Moreover, I noticed these fixes might affect some of the experimental results and conclusions in your paper. If you plan to update the paper or release a report addressing these corrections in the future, I would appreciate being involved in the discussion, as these modifications could be significant to the research findings.

Feel free to contact with me if you'd like to discuss the impact of these changes on the research conclusions. I'm happy to contribute further to ensure the academic record accurately reflects these important technical details.

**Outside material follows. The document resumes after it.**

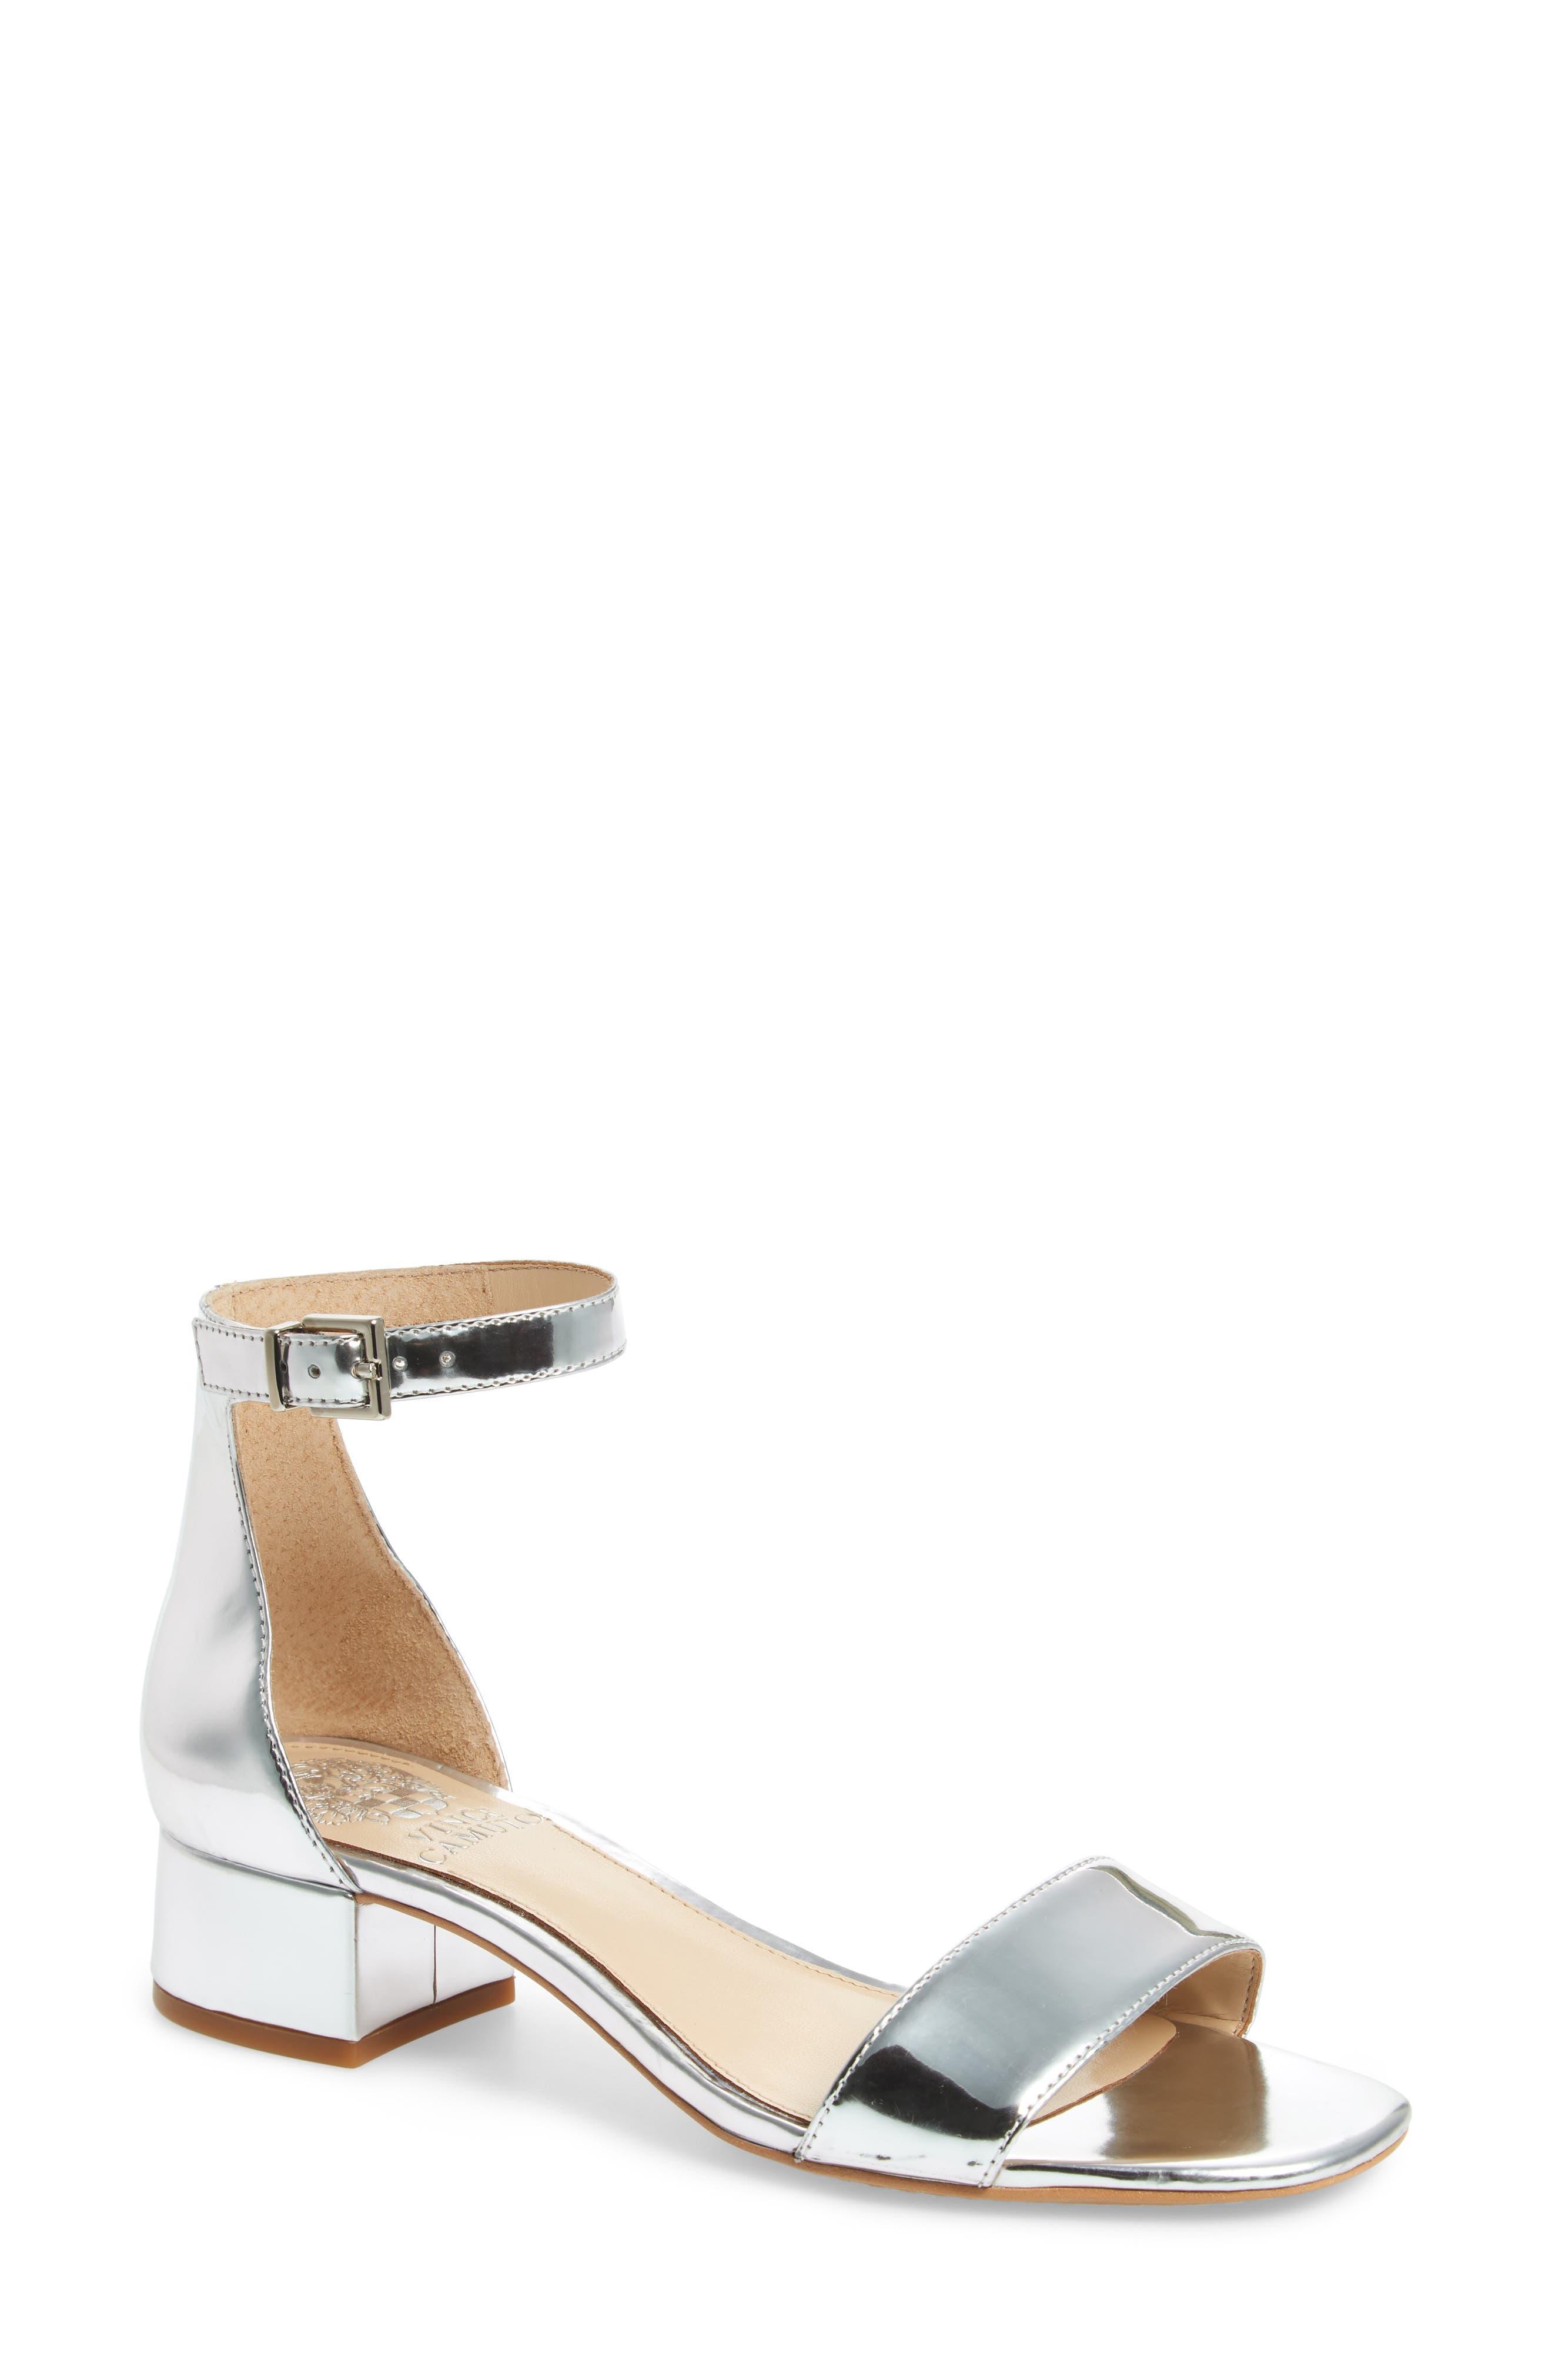 Sasseta Sandal,                             Main thumbnail 1, color,                             Bright Silver

Merge it and help the people in the research community!

[qibabababa]

I also encountered these problems when using this repo. Thank goodness! Finally, someone has fixed these bugs. Great!

[JaireYu]

Hi @WuJunde, junde please merge these commits into the main branch. And also suggested to check similar bugs in your recent repo medical sam2. Feel free to contact!

[WuJunde]

Thank you for your tremendous effort!

I'm sorry I only saw your message today. My colleagues and I have already started reviewing your pull request. Fortunately, your pull request is very detailed, which will save us a lot of time.

Once again, I apologize for the inconvenience caused by my lack of time to maintain the project, and I truly appreciate the time and energy you've dedicated to it!